As you can see from this heat map visualization shots take from the slot with a better angle to the net are more likely to go in. These are some of the unique opportunites you can make from these models.
avg_xG_by_coord <- Test_Fenwick_Data %>% group_by(x, y) %>%
summarise(xg = mean(xG))
ggplot(avg_xG_by_coord, aes(x, y, fill = xg)) + geom_raster() +
scale_fill_gradient(low = 'blue', high = 'red')+
geom_vline(xintercept = 0, color = 'red') +
geom_vline(xintercept = 25, color = 'blue') +
geom_vline(xintercept = 88, color = 'red') +
xlab('X Coordinates') + ylab('Y Coordinates') +
labs(title = 'Average xG Value by Coordinate')
The model I created did a good job of predicting how many goals a player should have. We can use this model and then create visualizations like the ones below to determine how well players have performed.

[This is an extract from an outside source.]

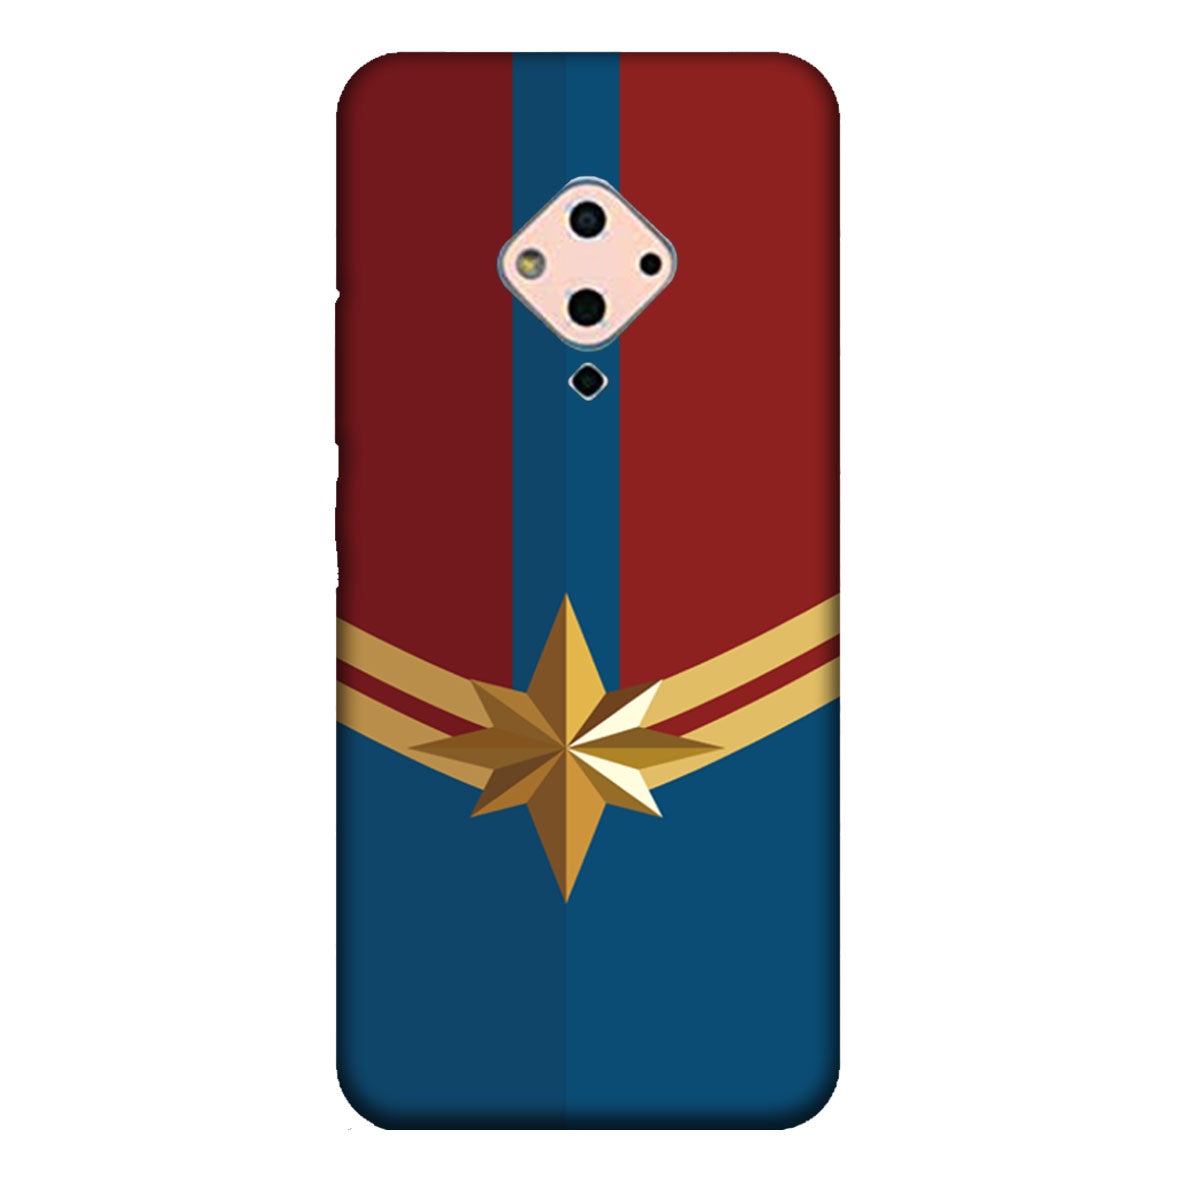 Captain Marvel - Avengers - Mobile Phone Cover - Hard Case - Vivo
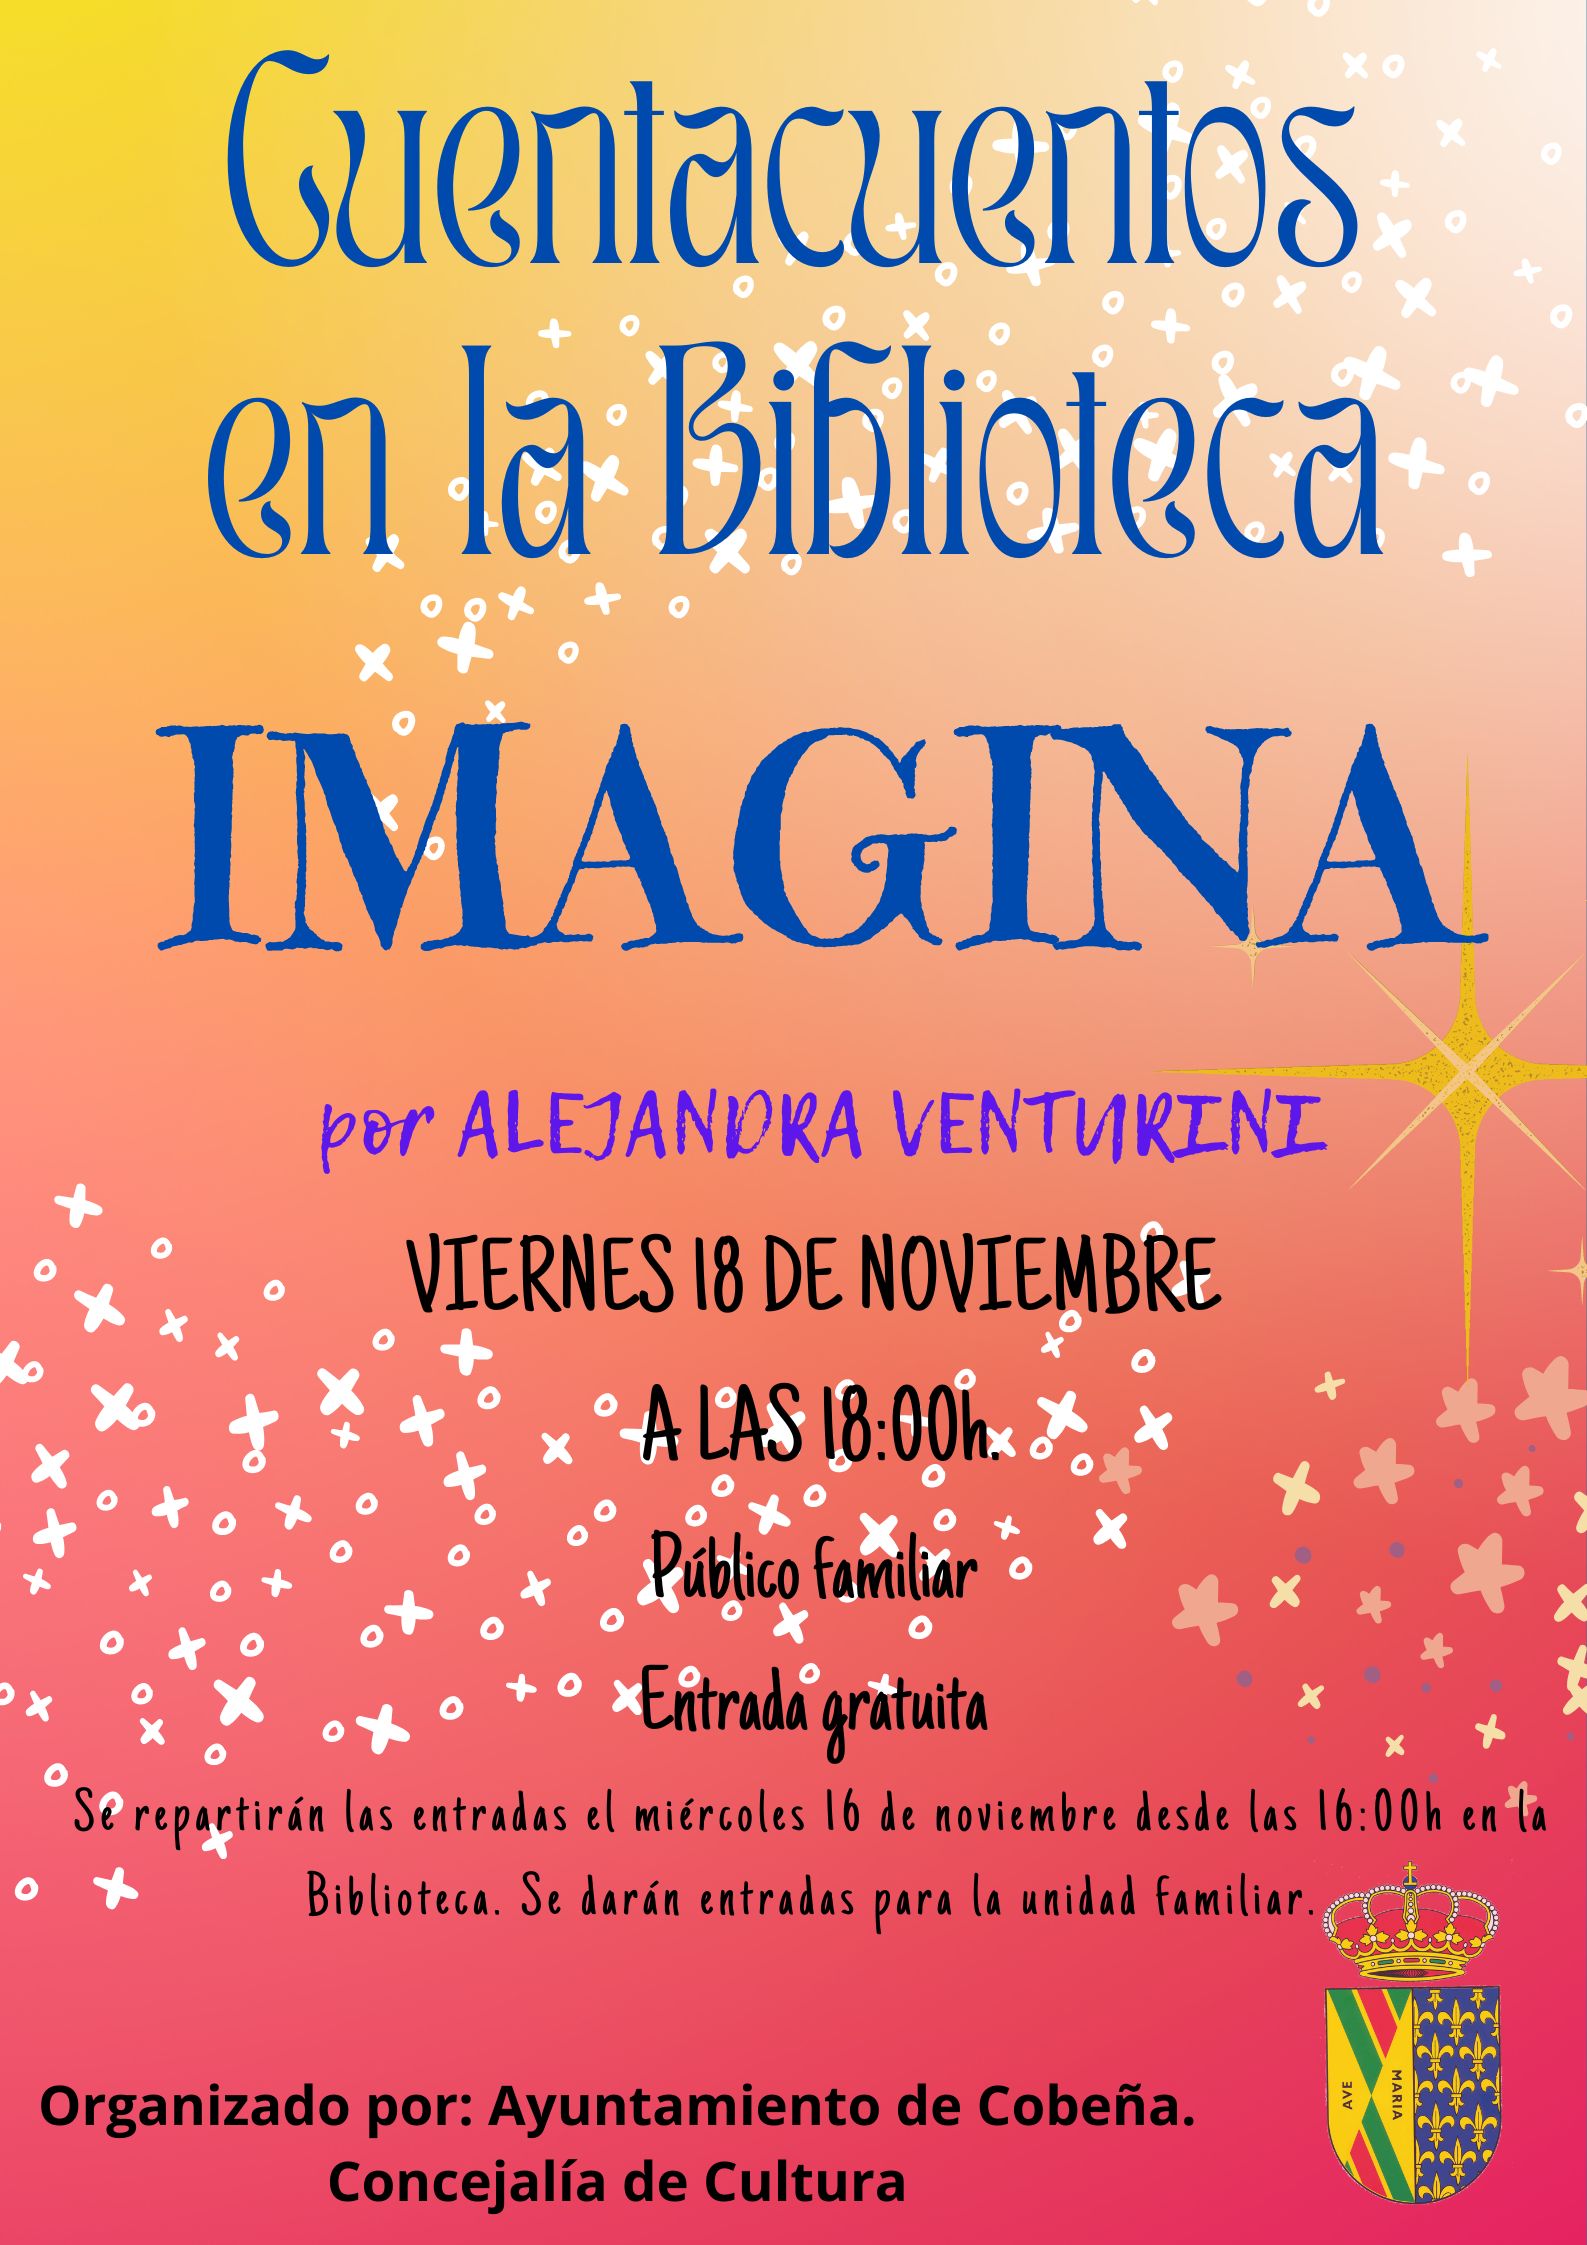 Cuentacuentos en la Biblioteca "Imagina" | Noviembre 2022

#code to group xg and goals by player
## Go back ad add the player names for more information
xg_player <- Test_Fenwick_Data %>%
group_by(player_id, team_id_for) %>%
summarise( xG = sum(xG), Goals = sum(is_goal), Difference = sum(xG) - sum(is_goal))
head(xg_player)
## # A tibble: 6 x 5
## # Groups: player_id [6]
## player_id team_id_for xG Goals Difference
## <dbl> <dbl> <dbl> <dbl> <dbl>
## 1 8464989 5 9.20 7 2.20
## 2 8465009 6 5.64 7 -1.36
## 3 8466138 28 12.1 20 -7.94
## 4 8466139 10 20.8 16 4.85
## 5 8468493 10 3.47 5 -1.53
## 6 8468498 15 2.65 3 -0.351
arrange(xg_player, desc(xG))
## # A tibble: 1,005 x 5
## # Groups: player_id [893]
## player_id team_id_for xG Goals Difference
## <dbl> <dbl> <dbl> <dbl> <dbl>
## 1 8475166 10 42.2 49 -6.84
## 2 8477492 21 38.4 46 -7.59
## 3 8475794 25 37.7 37 0.689
## 4 8475169 28 35.7 32 3.74
## 5 8478414 28 35.6 35 0.584
## 6 8475765 19 35.2 44 -8.77
## 7 8475848 8 34.0 33 0.962
## 8 8475314 2 33.7 29 4.72
## 9 8474715 29 33.1 43 -9.91
## 10 8476881 28 33.0 44 -11.0
## # … with 995 more rows
ggplot(aes(x = xG, y = Goals), data = xg_player) +
geom_point() +
geom_smooth(method = 'lm') +
labs(title = 'Expected Goals vs Goals by Player')
# Linear model
play_xg <- lm(Goals ~ xG, data = xg_player)
summary(play_xg)
##
## Call:
## lm(formula = Goals ~ xG, data = xg_player)
##
## Residuals:
## Min 1Q Median 3Q Max
## -13.9279 -1.6197 0.2038 1.1817 21.0743
##
## Coefficients:
## Estimate Std. Error t value Pr(>|t|)
## (Intercept) -1.03877 0.15084 -6.887 1.01e-11 ***
## xG 1.16900 0.01351 86.554 < 2e-16 ***
## ---
## Signif. codes: 0 '***' 0.001 '**' 0.01 '*' 0.05 '.' 0.1 ' ' 1
##
## Residual standard error: 3.438 on 1003 degrees of freedom
## Multiple R-squared: 0.8819, Adjusted R-squared: 0.8818
## F-statistic: 7492 on 1 and 1003 DF, p-value: < 2.2e-16
We can even use the model to assess how well a team performed. How many more or less goals they scored than expected by the model I created.
# By team
## Join the team name in to add more context
xg_team <- Test_Fenwick_Data %>%
group_by(team_id_for) %>%
summarise( xG = sum(xG), Goals = sum(is_goal), Difference = sum(xG) - sum(is_goal))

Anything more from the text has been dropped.